Telephone +49 40 42878-4644

E-Mail: PD Dr. Jan Yin.


Research Interests


Turbulence modelling, simulation, and control

A turbulence model with high accuracy and low computational cost, see Jin (2019), has been developed through the DFG-Heisenberg program (299562371). The developed turbulence model has higher accuracy than classic LES and RANS models when the same mesh resolution is used. It is particularly suitable for simulating complex turbulent flows in industry, e.g., flows in turbomachinery (Jin 2020), see Fig. 1. We are also interested in the techniques of controlling turbulence and reducing the corresponding irreversible losses, see Jin & Herwig (2014) and Li, et al. (2021) as examples.

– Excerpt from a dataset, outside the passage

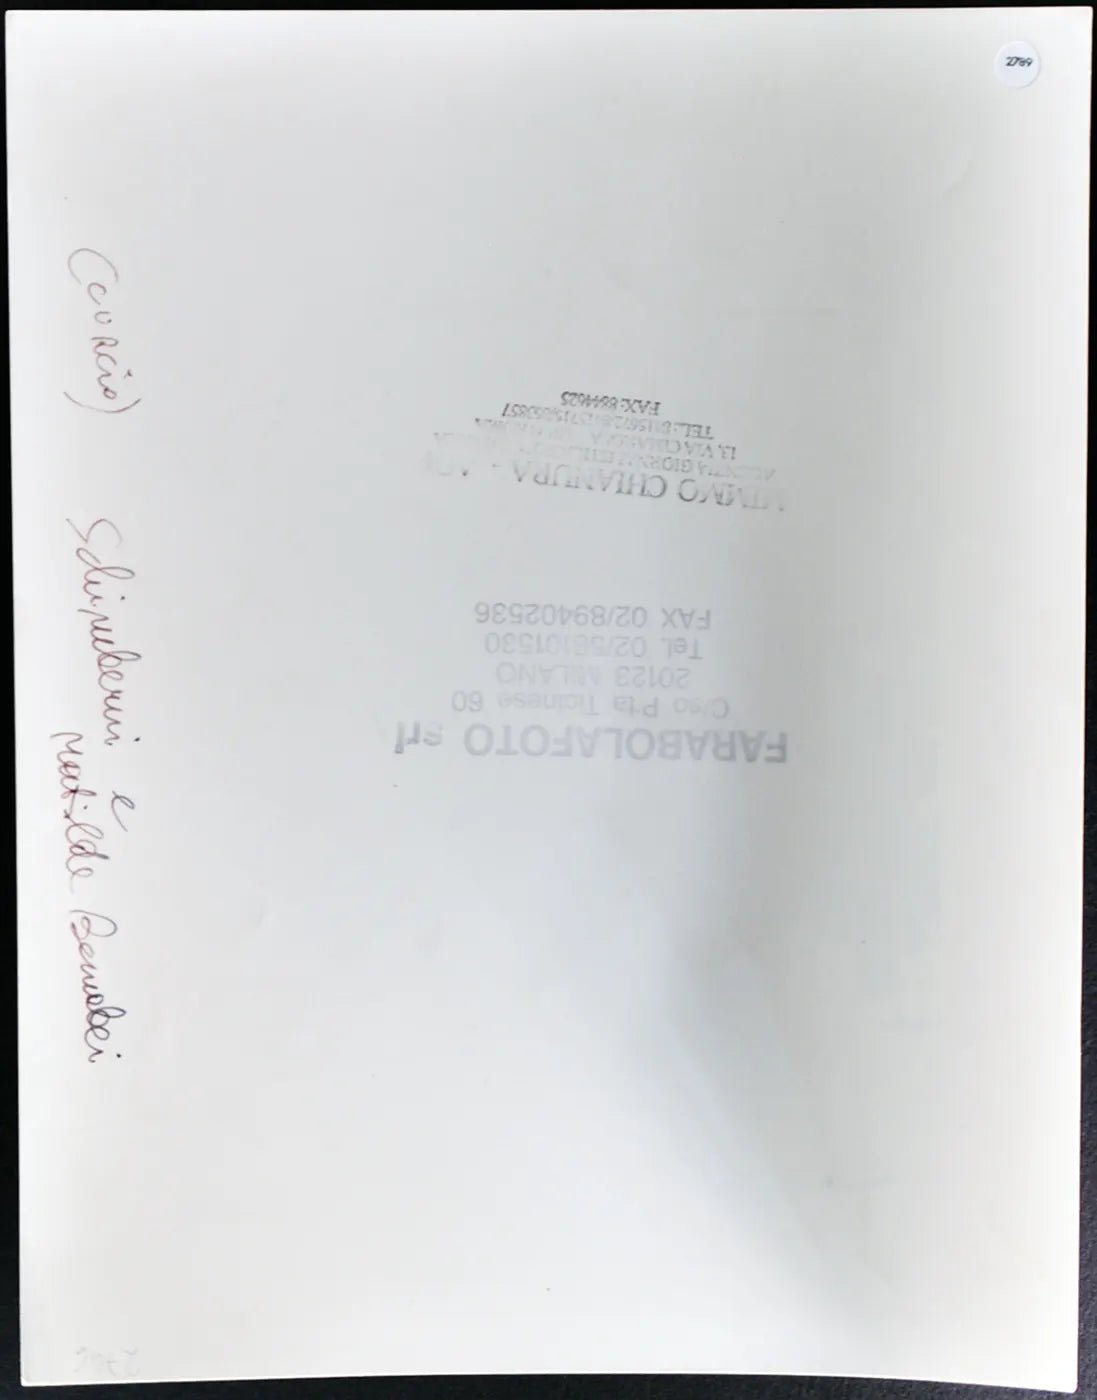 Bernabei e Schimberni anni 90 Ft 2789 - Stampa 24x30 cm - Farabola Stampa ai sali d'argento
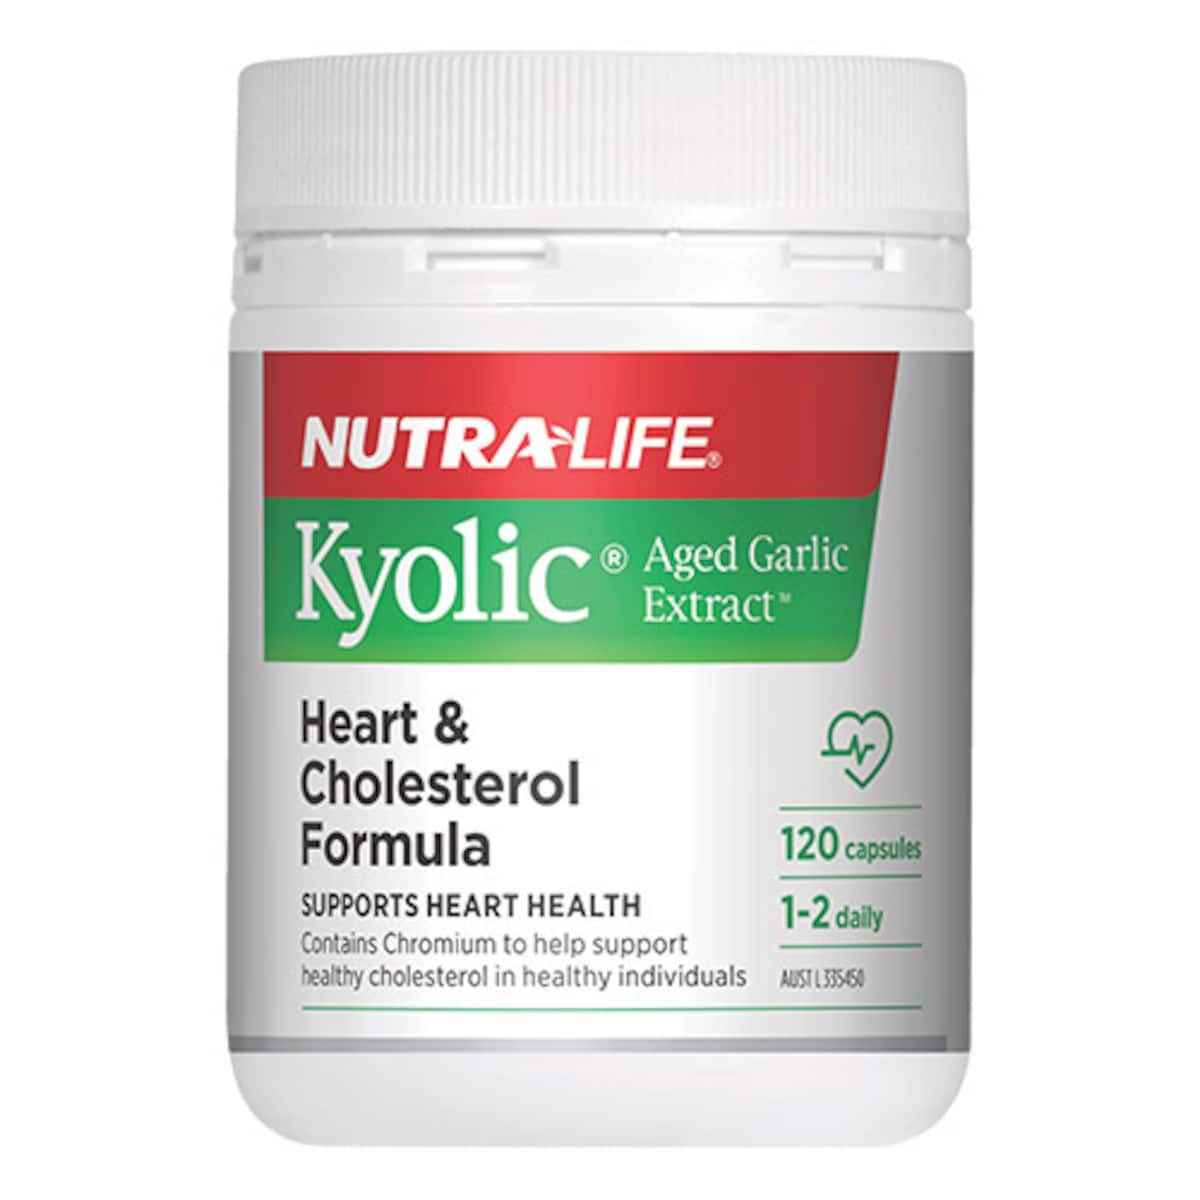 Nutra-Life Kyolic Aged Garlic Extract Heart & Cholesterol 120 Capsules Australia

Convection in porous media

Porous media are an important material in nature and industry. Convection in porous media receives a lot of attentions in recent years with the emergence of some new engineering applications, e.g., long term storage of CO2 in deep saline aquifers, thermal energy storage systems using stones/bricks as storage materials, etc. Based on deep investigation of physics, we try to develop efficient and accurate macroscopic models for predicting losses and heat/mass transfer rate in porous media (Fig. 2), see details in Jin, et al. (2015; 2017), Uth, et al. (2016), Kranzien & Jin (2018), Rao, et al. (2020) and Gasow, et al. (2020) for the details of this research. This research is funded by the DFG (408356608).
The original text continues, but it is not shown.